While Nietzsche sees Thucydides as a representative of the older Sophist culture,6 Thucydides’ commitment to accuracy leaves him in the position of needing a measure or measures against which to test information and logoi that may represent facts or interpretations based on facts. This puts him in the tradition of Ionian science, including Anaxagoras and the medical writers, much more than in the tradition of Protagoras and his yarn about how Zeus made us so that we can be moral, as Plato presents him in the Protagoras (322c–d). The very idea that Zeus could encourage ethical conduct seems ruefully comic considering his violence and his conduct toward women in general and his wife in particular, though it is reasonable to conjecture that the gods whose tale Protagoras told wanted to have worshippers. Zeus would perhaps also appeal to the male audience that Protagoras acquires. On the other hand, Protagoras, like Socrates in the Meno and elsewhere, sees humans as having a divine allotment in them (Protagoras 322a, ἐπειδὴ δὲ ὁ ἄνθρωπος θείας μετέσχε μοίρας, πρῶτον μὲν διὰ τὴν τοῦ θεοῦ συγγένειαν ζῴων μόνον θεοὺς ἐνόμισεν, “since men got a divine allotment, [and] first through his kinship with the divine alone of living things worshipped the gods”). At the end of the Meno Socrates makes a similar point to Meno, who lives in a dim world of ignorance and popular opinions.7 First we need to be reminded that “he is talking to Meno.”8 Socrates concludes: “Virtue [or ‘excellence’] appears to be born in us by divine allotment, in those to whom it is born” (θείᾳ μοίρᾳ ἡμῖν φαίνεται παραγιγνομένη ἡ ἀρετὴ οἷς ἂν παραγίγνηται, Meno 99e–100a). The link here between the Meno and the Protagoras is the divine allotment to men, which starts us off aiming higher than ourselves. Protagoras, as the kind of teacher Meno wishes to have, though he does seem to have a particular preference for Gorgias (see Meno, 70b, 71c–71e),9 presents the idea of this allotment. Meno hears it from Socrates, who wishes to be nothing like Protagoras, who, it seems, shares a kind of opinion with Socrates. The fact that they in a way share an opinion, that we have a divine allotment, is a very good example of why it is hard to capture the Sophist and to know how he or she differs from the philosopher (cf. Plato, Sophist, 216c).

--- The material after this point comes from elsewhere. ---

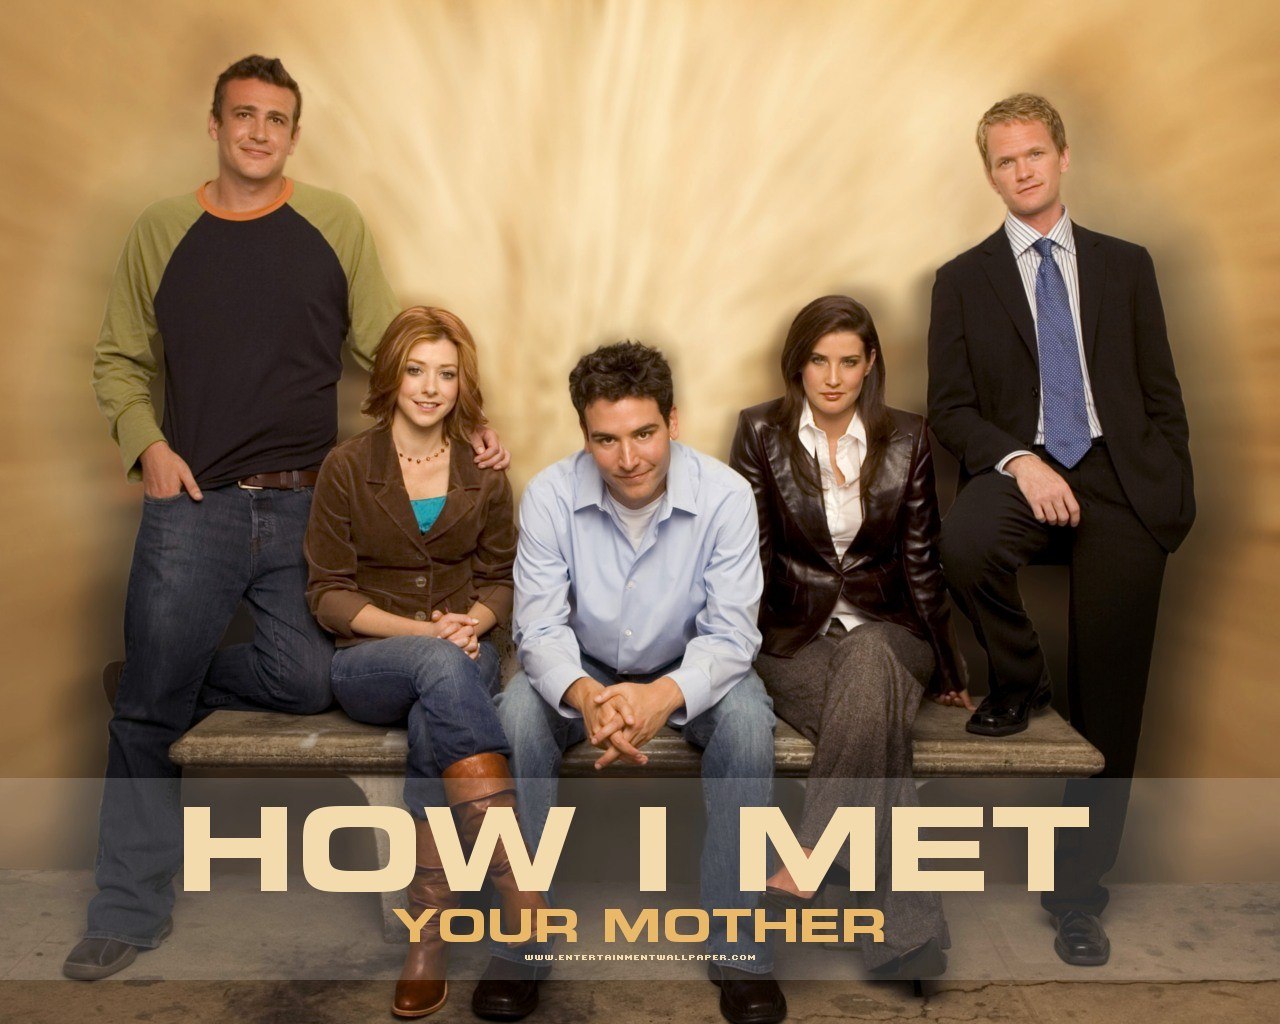 7 Life Lessons I’ve Learned From How I Met Your Mother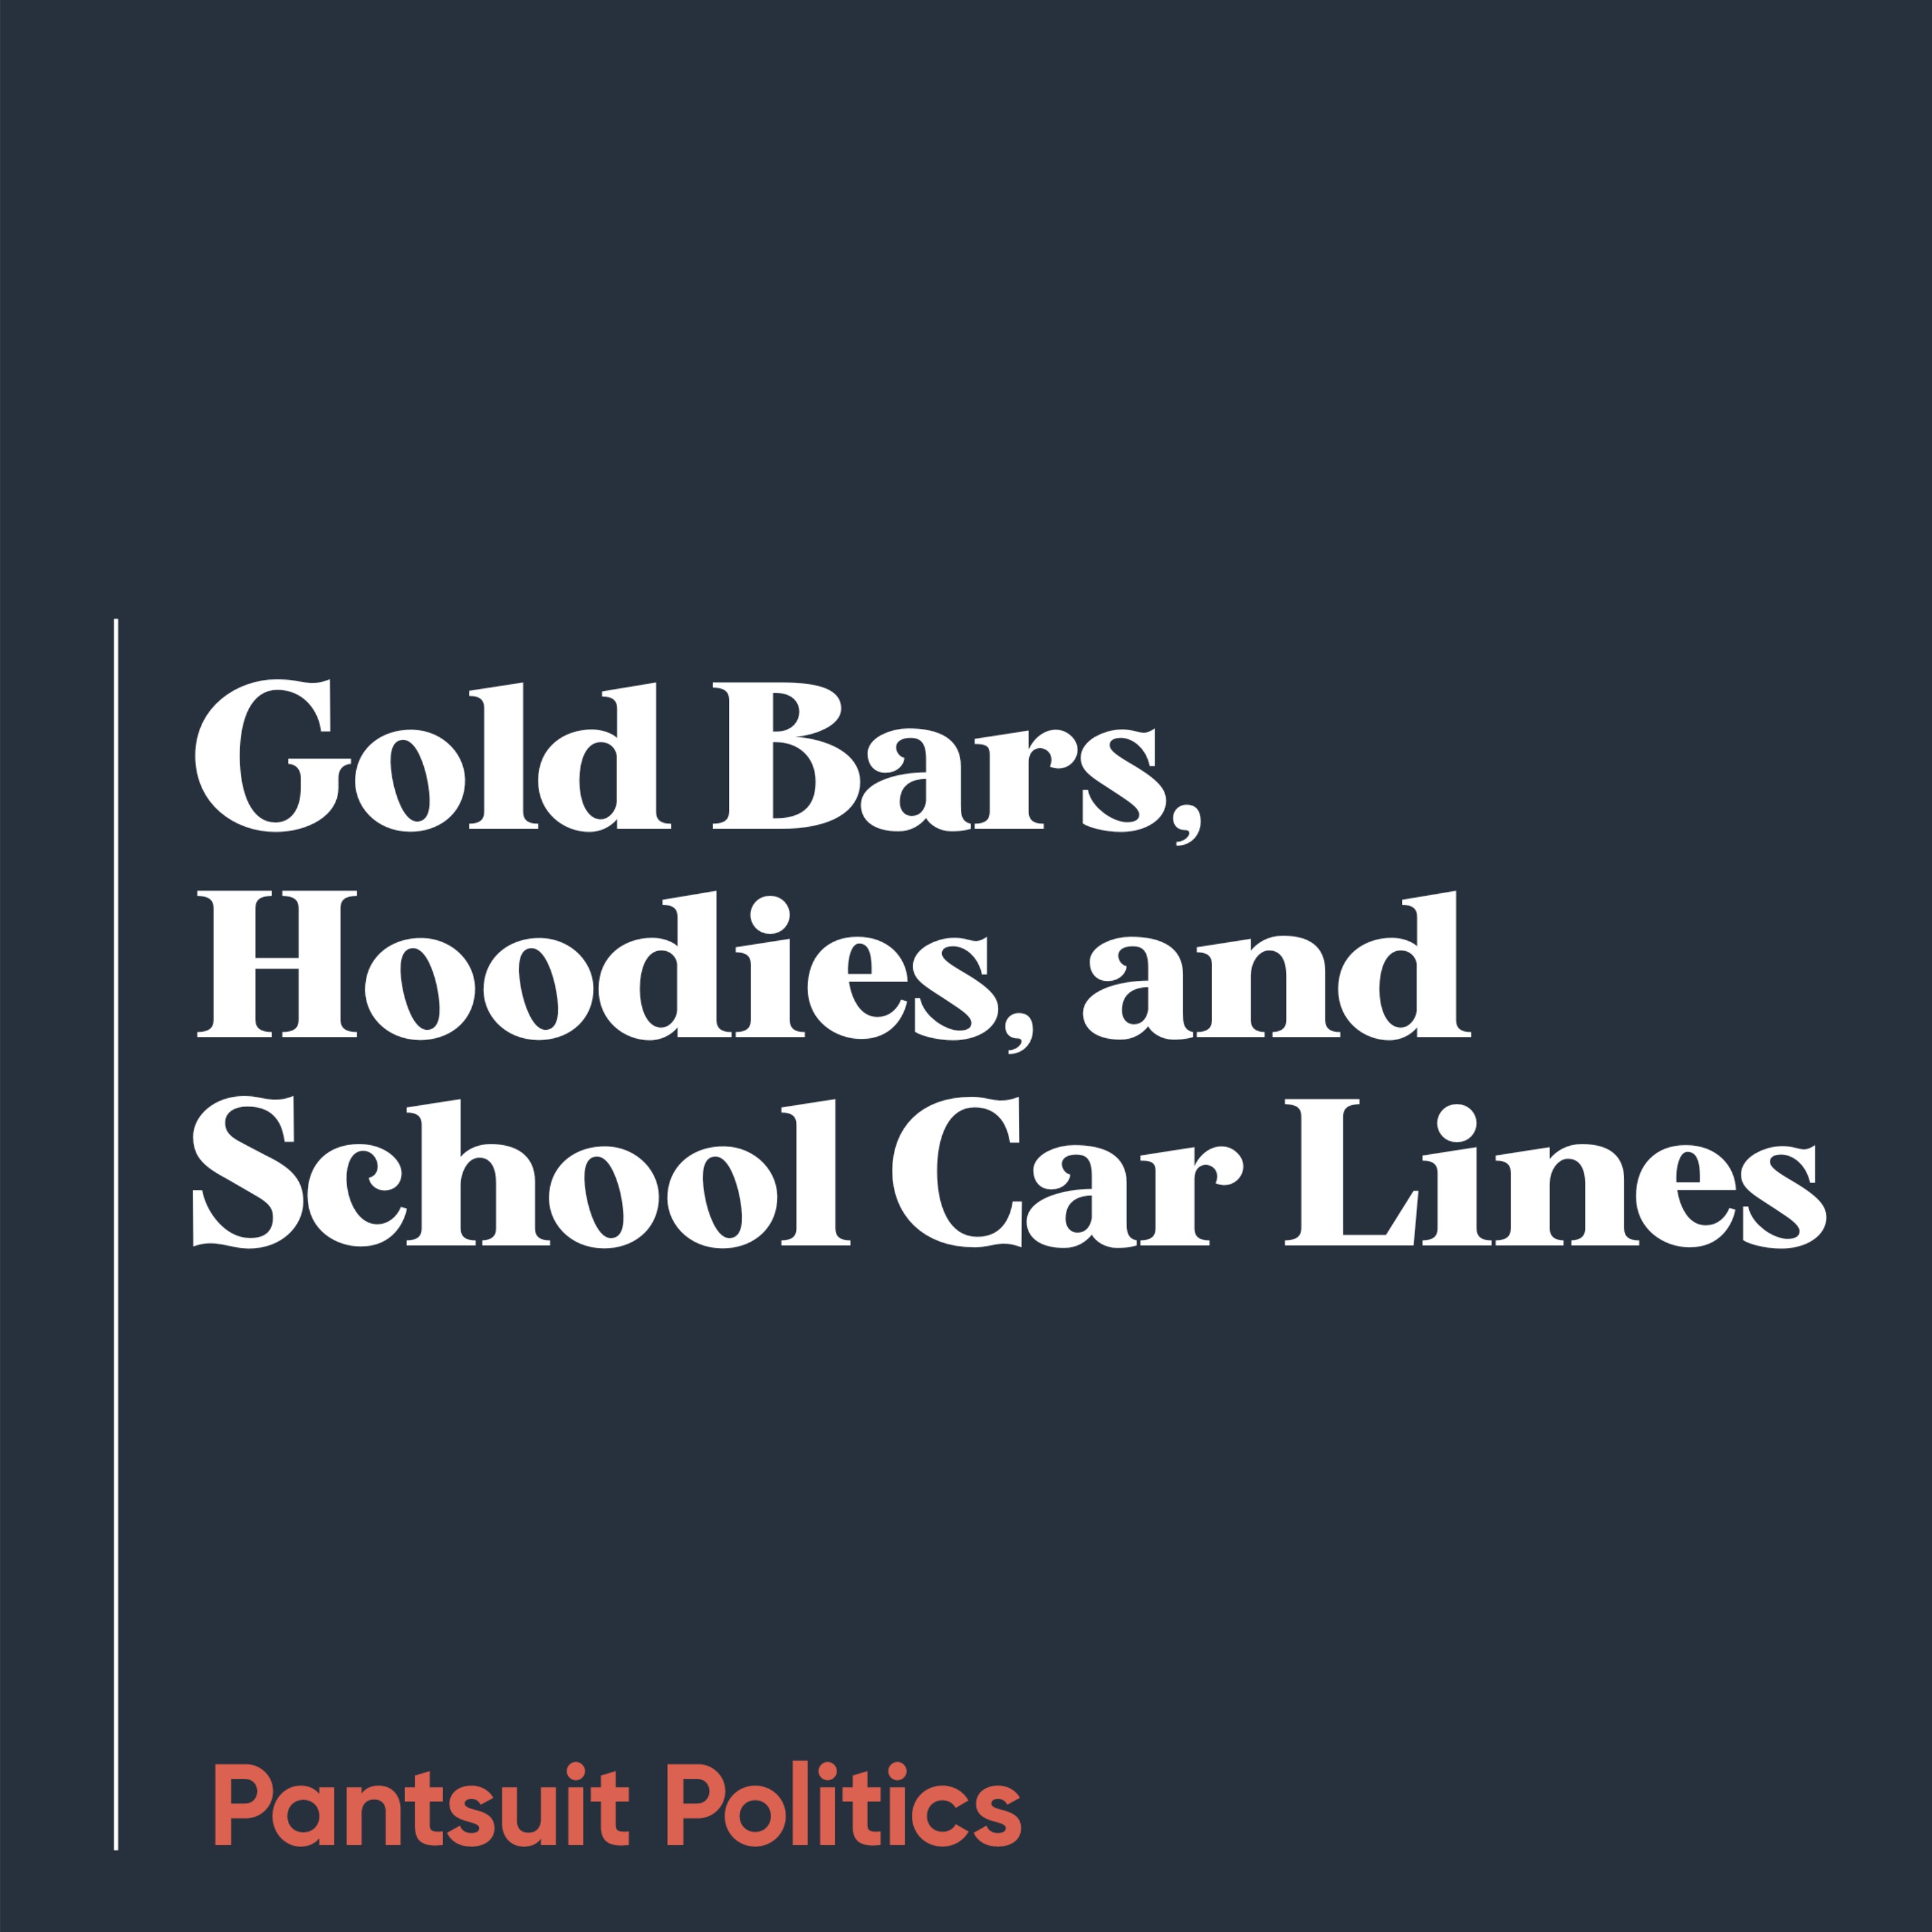 Gold Bars, Hoodies, and School Car Lines

The Meno introduces the hypothetical method as a way of answering questions about what virtue is (ἀρετή, “excellence” or “virtue,” transliterated arete) and whether it can be taught (86e–87b),10 but Socrates performs his introduction or initiation by means of a difficult and somewhat obscure mathematical problem.11 The point seems to be that just as Meno should have been abashed when he saw his slave learning geometry (85e–86d) but was not, he now must more fully face the question of whether he can be initiated or whether he will be turned away from philosophy in general and political philosophy in particular because he cannot rule himself (86d). He does not have the disposition to learn, so he himself turns himself away. This results in the final lesson of his execution at a young age after betraying his army’s interests in Xenophon’s Anabasis (II.6.21–29). At the very end of the Meno, Socrates again alludes to Meno’s difficulties in separating knowledge of arete from his desire for power carefully presented by Plato as his goal to find out first whether or not he can buy a teacher of arete. Learning the truth of the matter (τὸ σαφὲς) requires this separation (100b). Meno’s failure to learn is a failure of virtue, and what we would term moral virtue in particular. Indeed, his failures or weaknesses, that is, his physical beauty and the effect that it produces on men, his clear desire to dominate his wife at home and to rule men in his public life (Meno, 71e), and his troupe of slaves, all reflect deep conceptual weaknesses in Athenian life that are expressed in predictable and disastrous ways in the Peloponnesian War.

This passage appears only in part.